Active versus calculated

There are two types of data that can be retrieved using a data feed: active data and calculated data. Active data is data that does not change and is not calculated from any other type of data in the system. This data is generated by the device, sent to the system, and is then added to the database. Active data is rarely updated and will not be invalidated by the system. Calculated data is derived from active data. As new active data arrives, it is processed to calculate Trips and Exceptions. Data processing happens in real time.

Active data feeds (only new data)

Calculated data feeds (new and updated data)

Invalidated data

As calculated data is processed in real time, the state of the data can change causing it to become invalidated. There are a few reasons why calculated data can become invalid or need to be updated by the system.

Trips

Trips are calculated data. As new data arrives for a trip currently in progress, the older data for the trip is dropped from the database. The dropped data is then replaced with the newer, more current trip data. The updated trip data will have a different trip ID than the previous record of the trip. Thus the “unique trip ID” cannot be used to match an updated trip to an earlier state.

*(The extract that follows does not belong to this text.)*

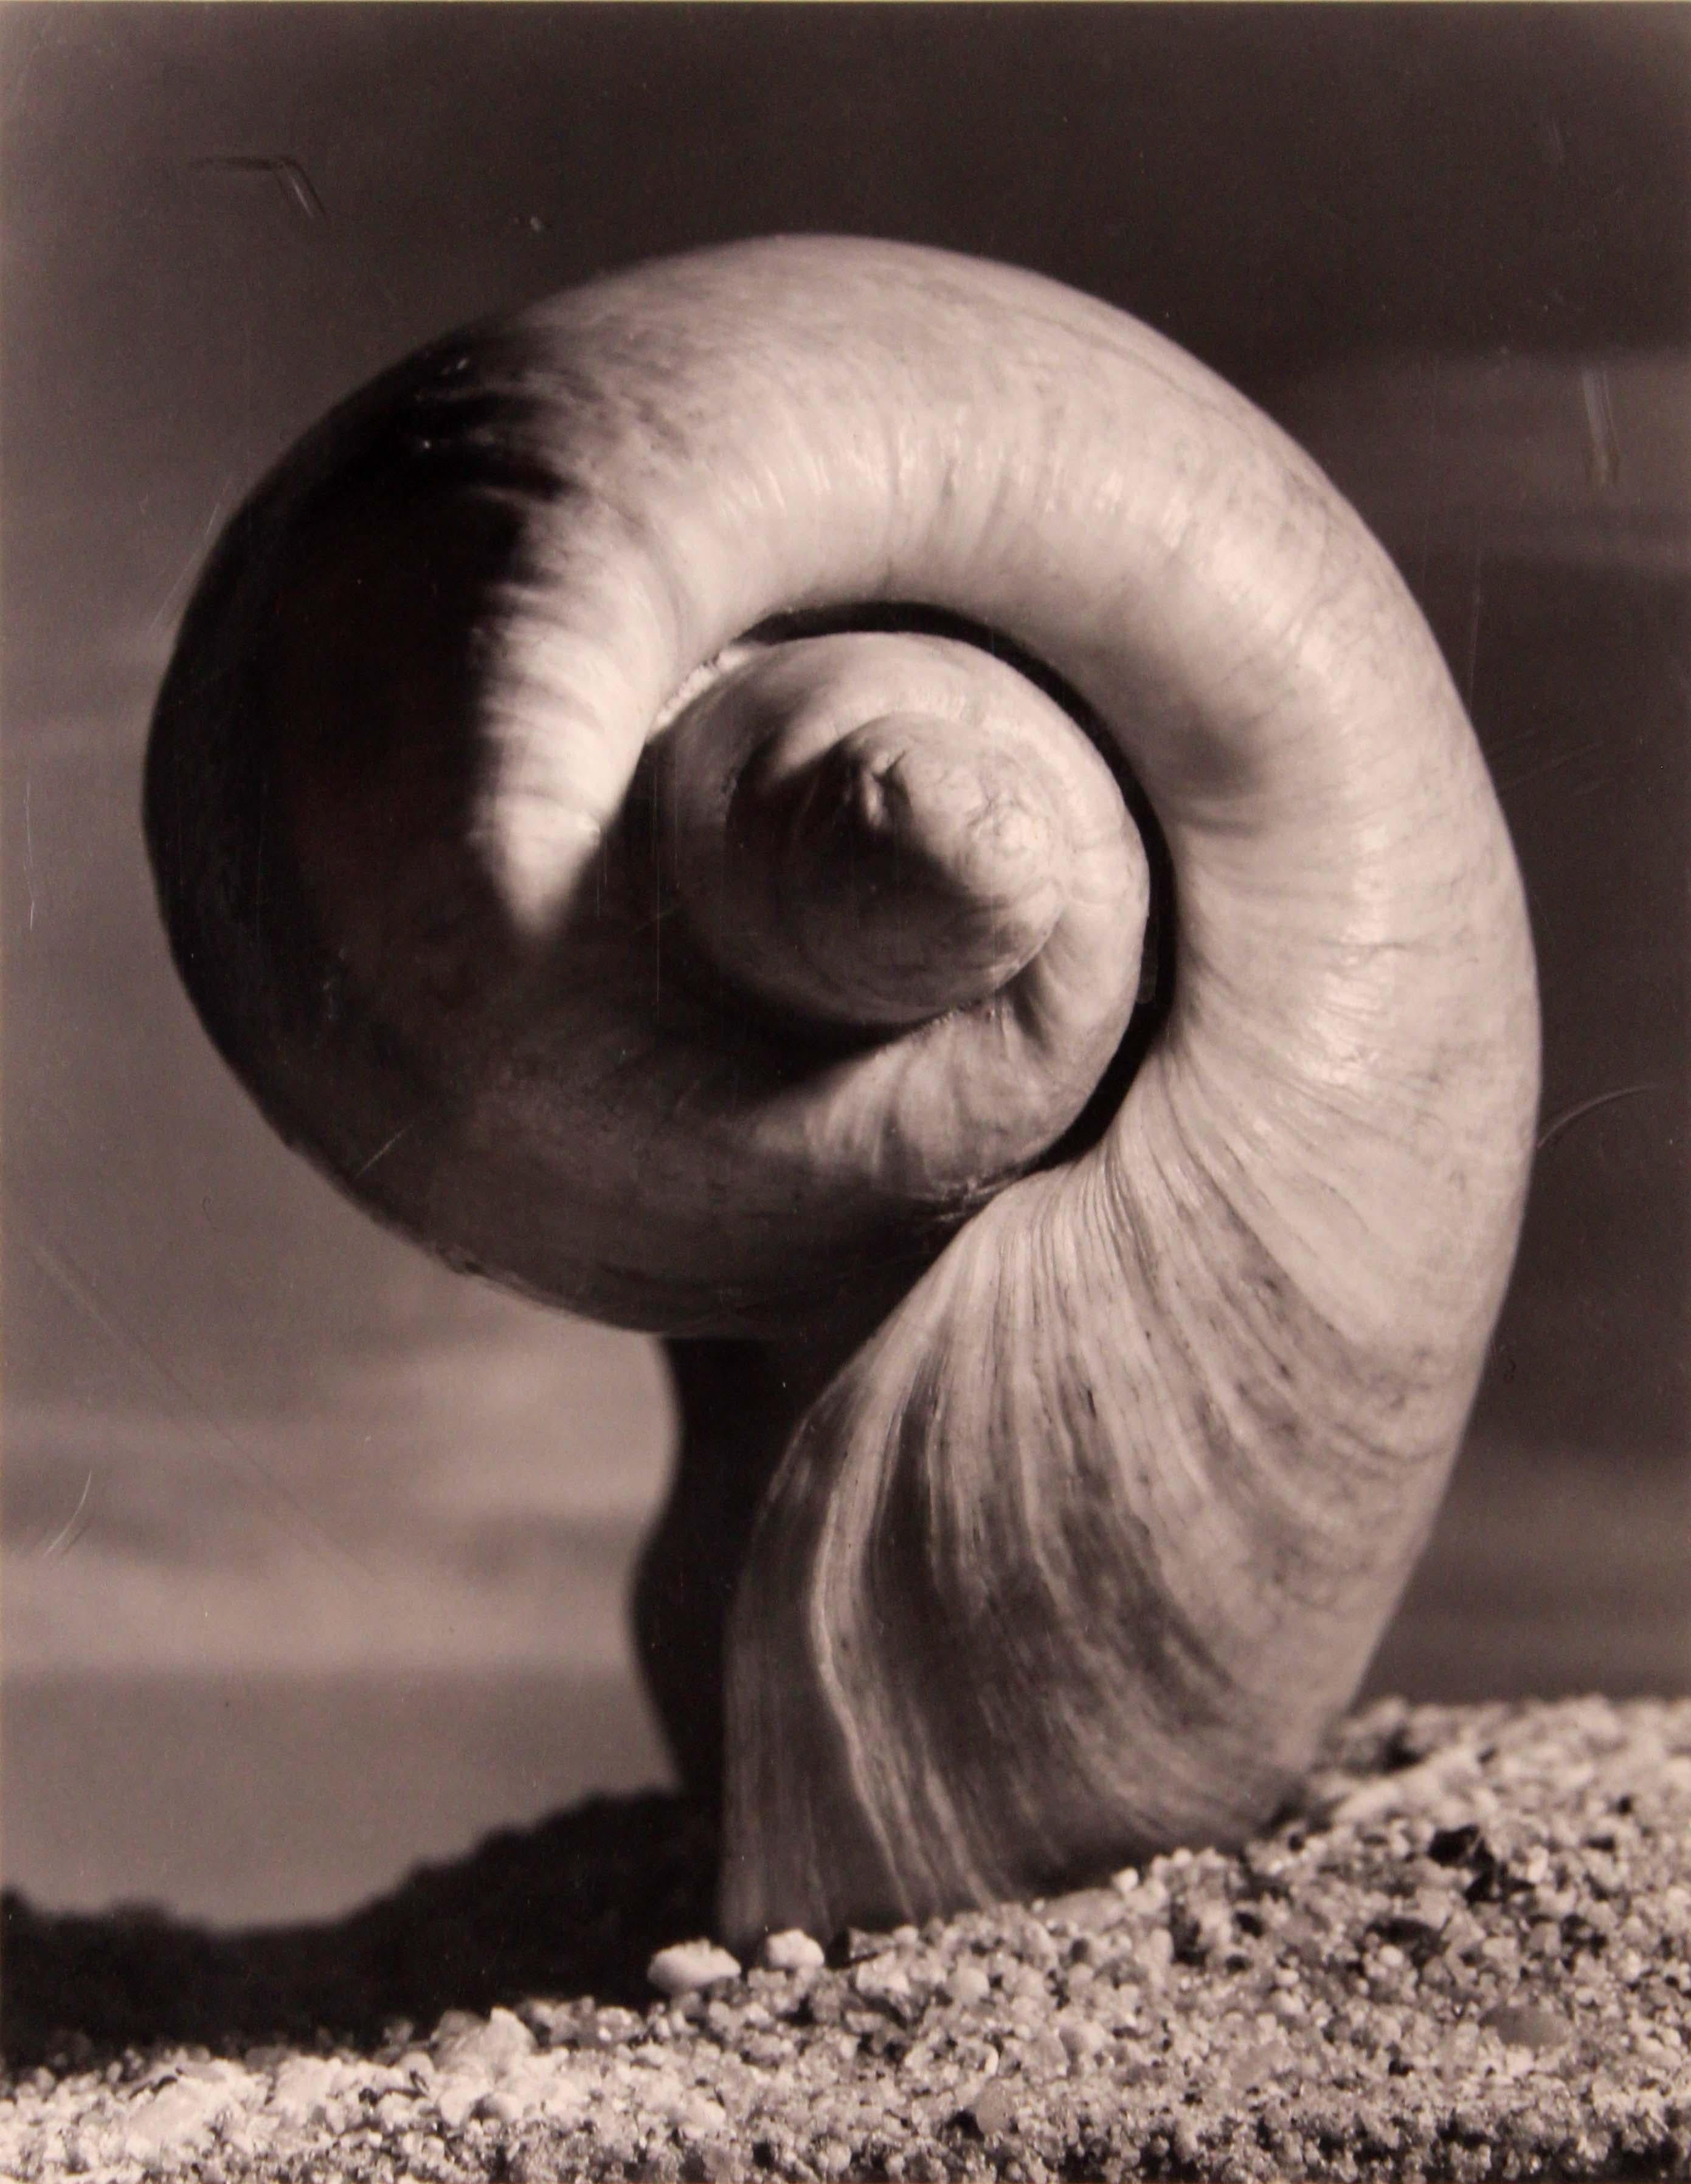 A dramatic gelatin silver print titled “Olla Volute” by Andreas Feininger. Circa 1950. Hand signed in pencil on the bottom right with an annotation of 2/10 on the bottom left. From the artist’s “Portfolio of Shells” series. An extraordinary example
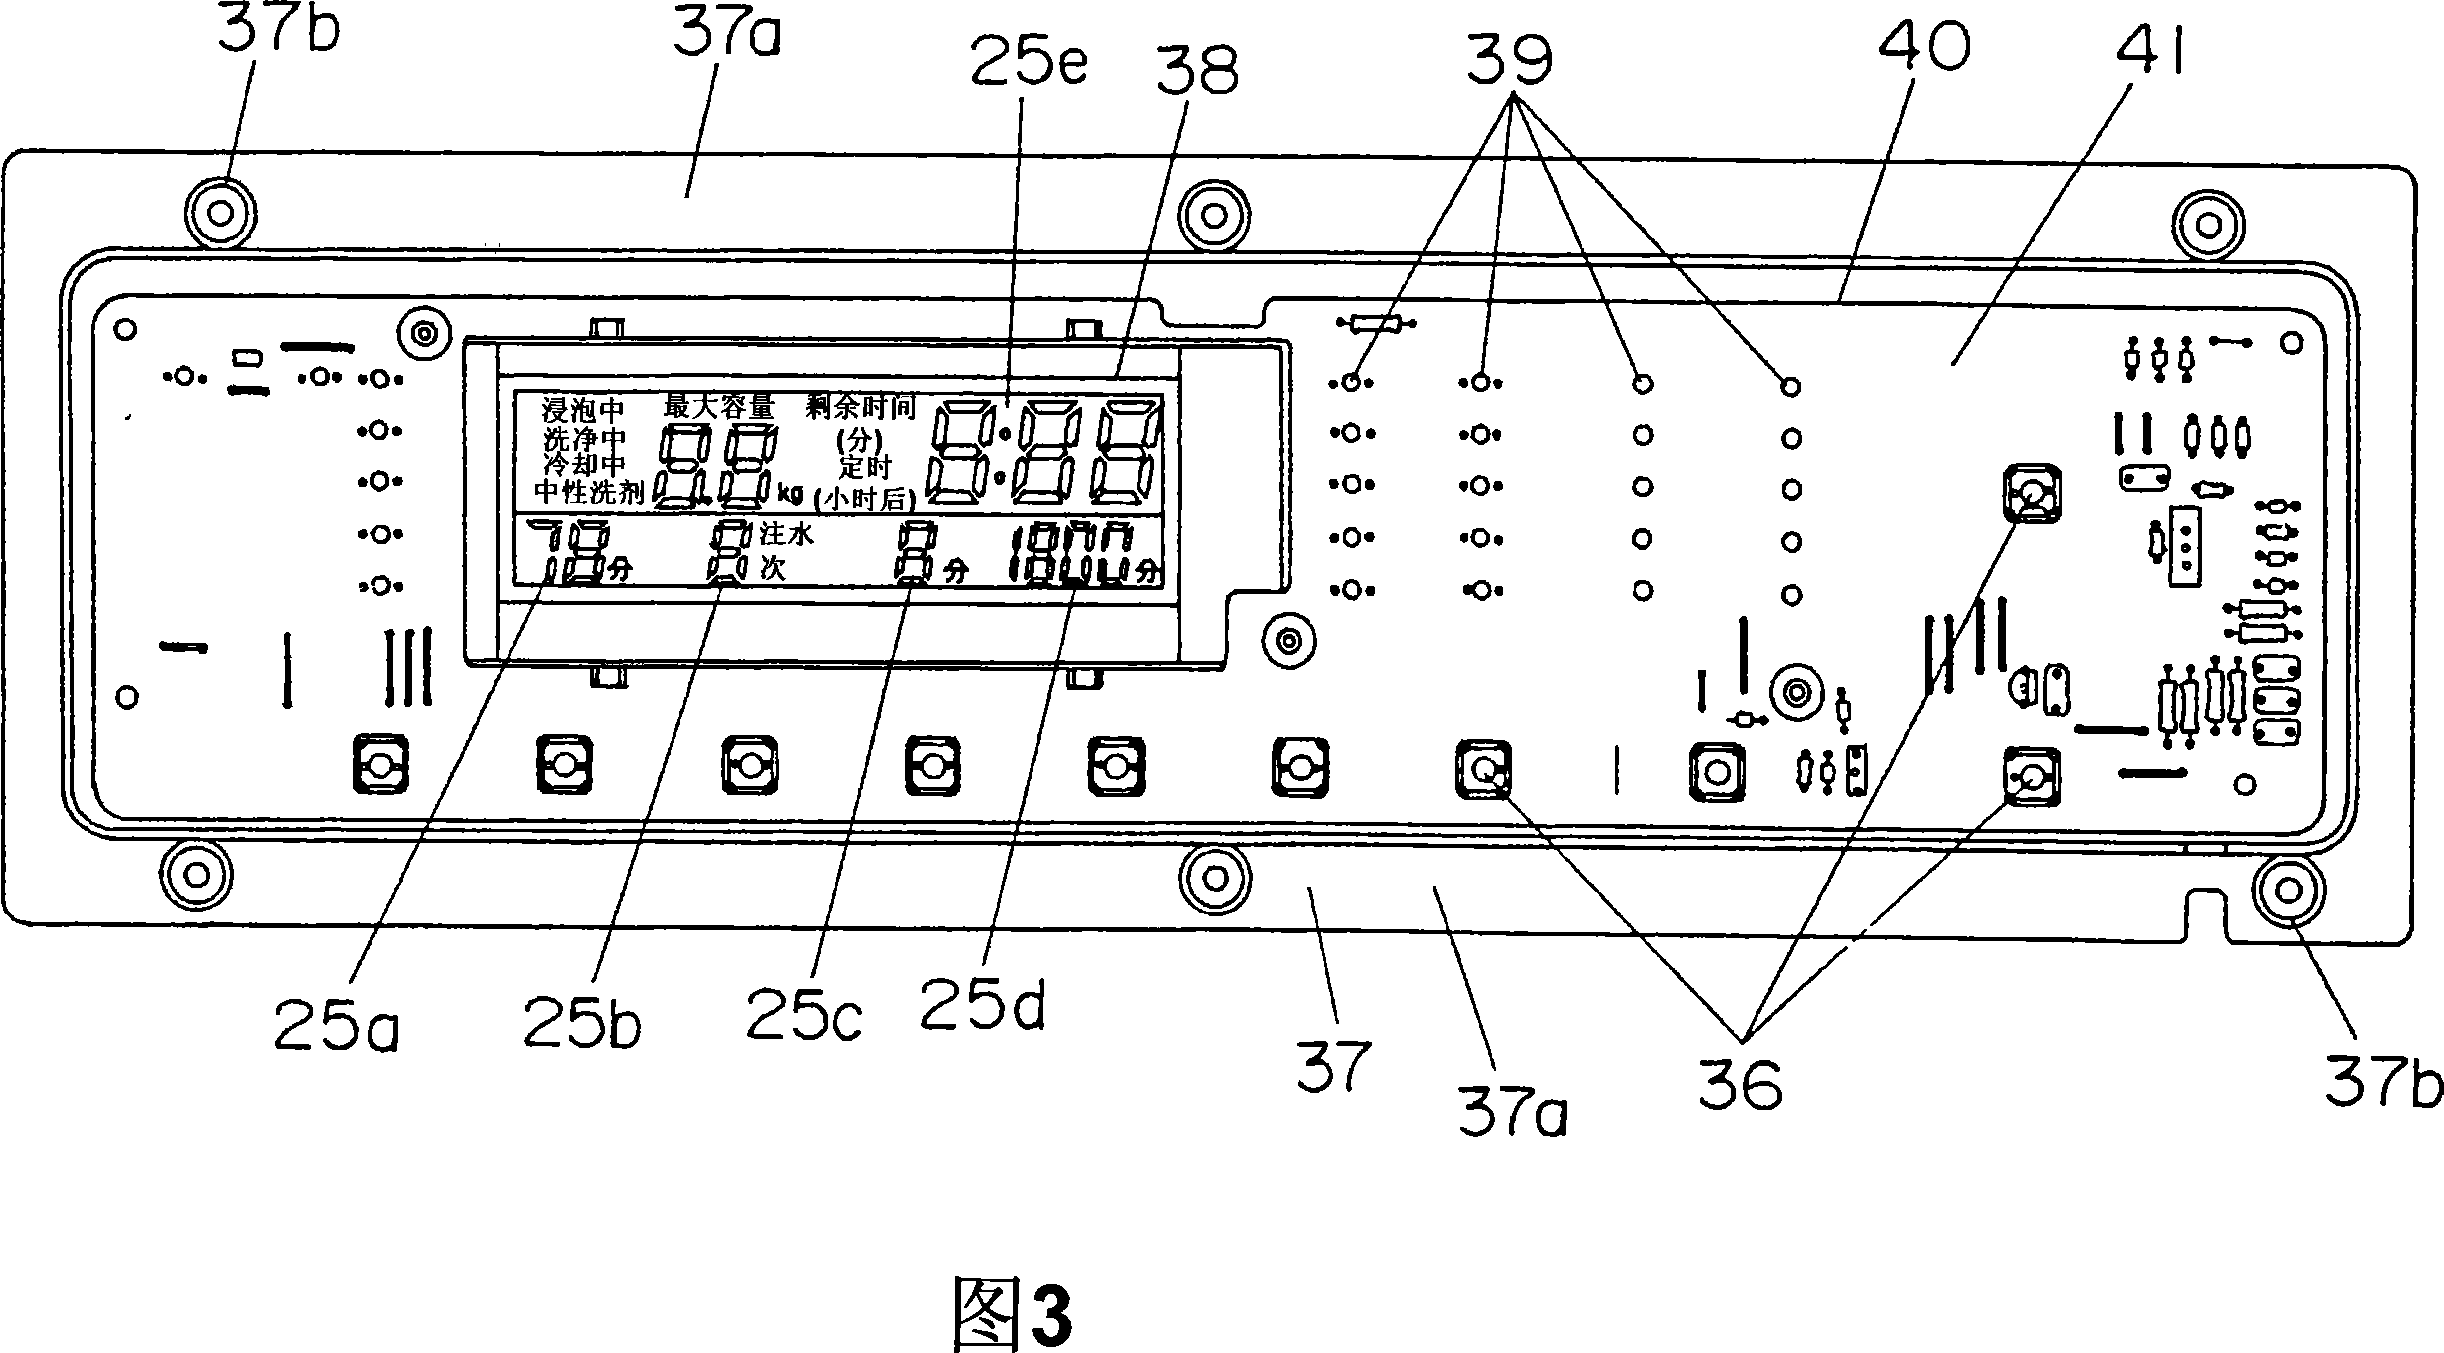 Operation display device

The unique "key" that is used to associate the earlier "version" of the trip in progress to the updated trip is the pairing of the deviceId and the trip stop date. Most of the time, a trip which is in progress will have its stop date continuously updated until the trip has actually ceased (ignition off). If there is no trip in the trip history that matches the combination of deviceId and trip stop date of the updated trip data, and the updated trip has a stop time of zero, then the historical trip which matches the updated trip data will be replaced with the newer trip data.

Exception events

Like trips, exception events are calculated data. As the system receives updated device data, that data is processed and evaluated against the Rules set up in the system. Exception events that are in progress will be updated by the system and will retain the same unique id. Exception events can be invalidated and dropped from the database when a manual process is triggered. Reprocessed exception events will have a new unique id.

HOS and DVIR feeds

The HOS and DVIR related objects under the “Active data feeds” (DutyStatusLog, DVIRLog, AnnotationLog, ShipmentLog) are likely to be edited on a frequent basis. An example is a “DutyStatusLog” that was created (Add) at the beginning of the day with an “ON” duty status, and then edited (Set) to add the “verifyDateTime” at the end of the day.

 

Each time one of these data records is manipulated, it will retain its original unique GUID “Id” but will receive an incremented “version”. This way you can match new feed records to existing data you obtained from an earlier feed request.

FAQ

Why do I have to poll data, can’t you push it to me?

A push-based approach would require Geotab to connect to another organization and this invariably means firewall traversal is required. To accomplish this, network administrators will need to be involved and will be required to maintain the process. This is very often a cumbersome process and sometimes disallowed due to security risks. Geotab wants to provide a zero configuration solution. The poll-based approach avoids these issues because all traffic is initiated from within your network, secured via SSL. No certificates need to be installed, no firewalls configured, and no other onerous security requirements are necessary.

There are definitely advantages and disadvantages to both approaches. However, in our experience, we have found the polling based approach is scalable, solves practical network problems, requires zero configuration, and meets the needs of our customers.